We conducted simulation study to compare the performance of GAGE vs GSEA and PAGE in a more controllable setting. To minimize the potential artifact of using synthetic data, we used the type 2 diabetes dataset which has been analyzed in the first part of the Results. We chose this large clinical dataset so that all methods including the sample randomization based GSEA are applicable. Also, to make the simulation tractable for GSEA, we employed a sub-dataset with 2000 randomly sampled genes from the full set of 17000 genes. While the dataset is real microarray data, we synthesized the testing gene sets with controlled levels of differential expression (or degrees of enrichment in up- or down- regulated genes, details described in Methods). We then applied GAGE, PAGE or GSEA to score these testing gene sets, and evaluated whether the enrichment scores reasonably reflect the differential expression levels of these testing gene sets.

Similar to the analysis results described above, while GAGE and GSEA gave more sensible p-values in the simulation, PAGE resulted in unrealistically small p-values on the order of 10-324. (Figure 2c).
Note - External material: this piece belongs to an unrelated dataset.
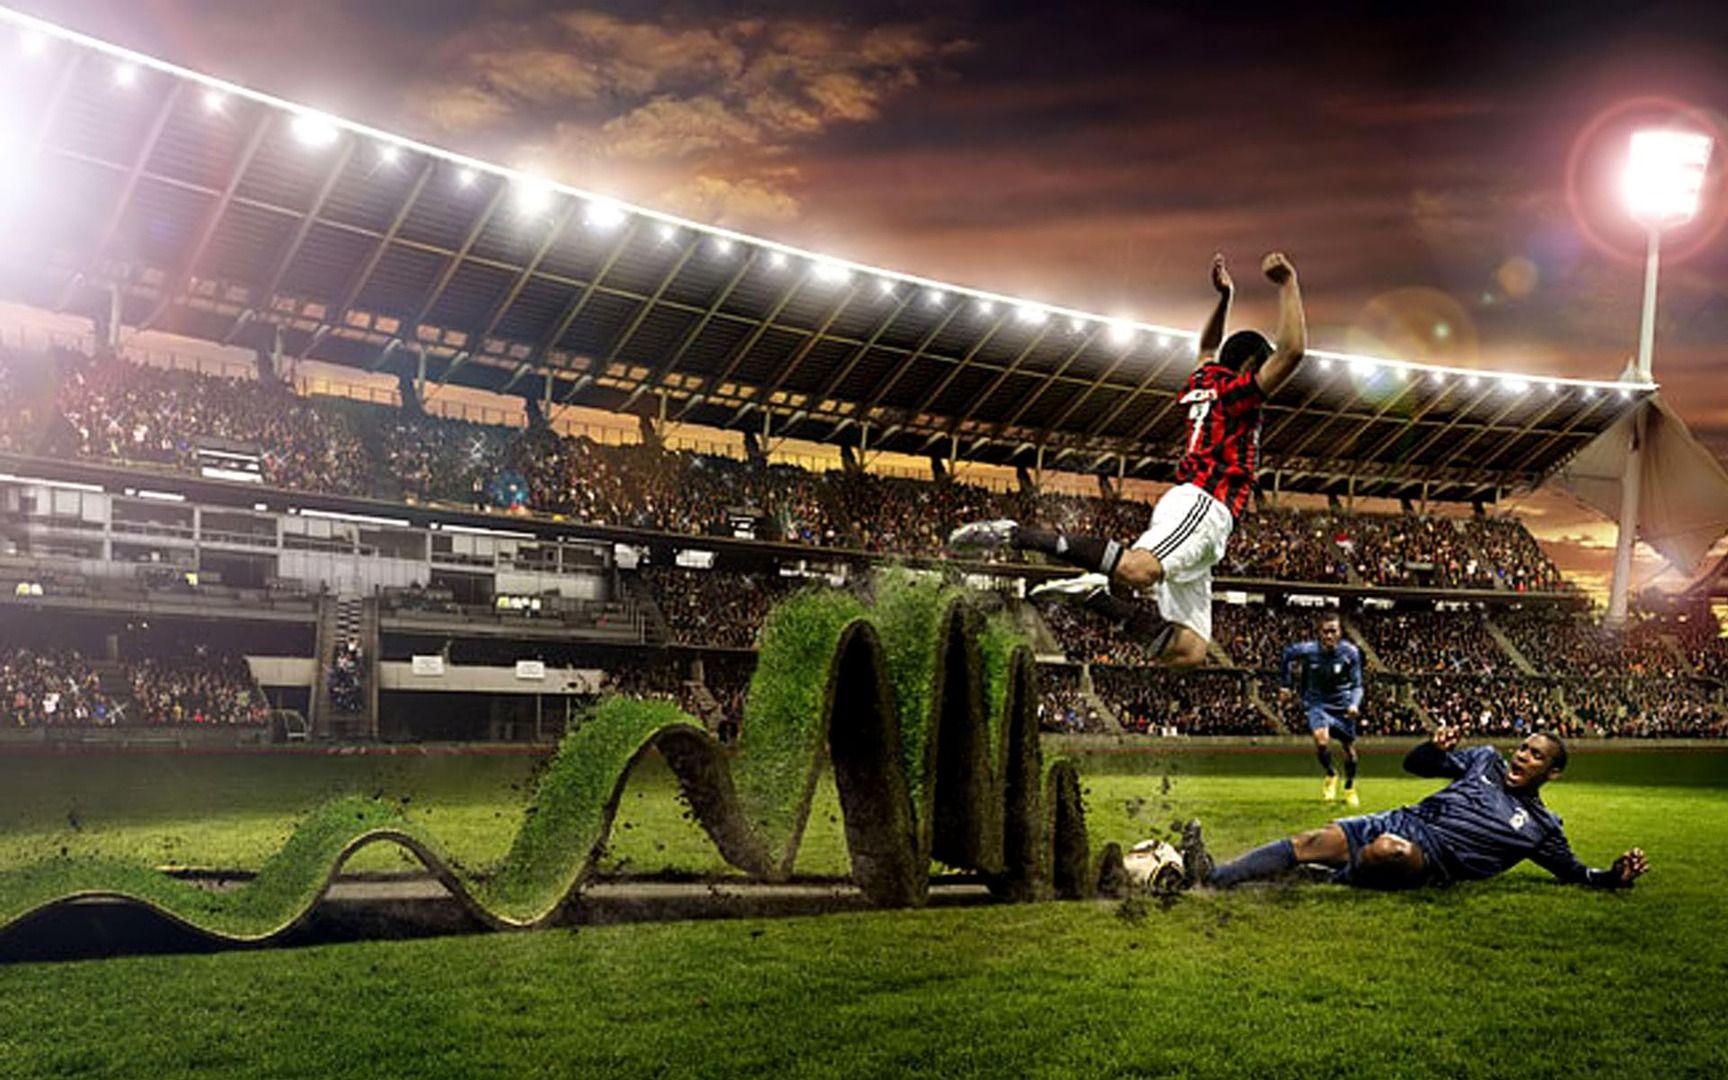 wallpapers hd futbol, soccer desktop background

The fact that p-values started from 10-11 (n = 10) or 10-15 (n = 50) for gene sets with no up-regulation at all (β = α = 1) shows that PAGE suffers from low specificity. In other words, the extremely small p-values did not indicate high sensitivity but rather a high false positive rate for PAGE. On the other hand, GAGE and GSEA are selective and started from insignificant p-values for the negative control gene sets with β = α = 1. Compared to GSEA, GAGE gave smaller p-value for gene sets with different levels of up-regulation (Figure 2a–b). In other words, GAGE is more sensitive than GSEA. This improvement does not come at the cost of lower specificity (Additional file 1: Supplementary Figure 2a-b and detailed next). Note that GSEA reached sensitivity cap (around β = 7 for n = 10 and β = 4 for n = 50, Figure 2a–b). Out of all three methods, only GAGE produced strictly monotonically decreasing p-value curves that closely reflected the increasing up-regulation levels of the testing gene sets with increasing β.

Figure 2
figure 2

A simulation study using microarray data and synthetic testing gene sets. (a-c) p-values on the differential expression of testing gene sets with increasing levels of enrichment of up-regulated genes, when GAGE (a, b), GSEA (a, b) and PAGE (c) were applied. (d) The series of beta distribution curves with 1 ≤ β ≤ 10 and fixed α = 1 used to sample the testing gene sets with increasing levels of up-regulation from a sorted whole gene list. For each β value, we generated testing gene sets of two different size n = 10 genes (small sets) and n = 50 genes (large sets), 100 gene sets each. We then applied GAGE, PAGE or GSEA to test the overall expression level up-regulation in these gene sets. Mean p-values plus with standard error were shown. See Methods and Results for details. Note that GAGE with both 1-on-1 and 1-on-grp options produces similar results, although only the former is shown here.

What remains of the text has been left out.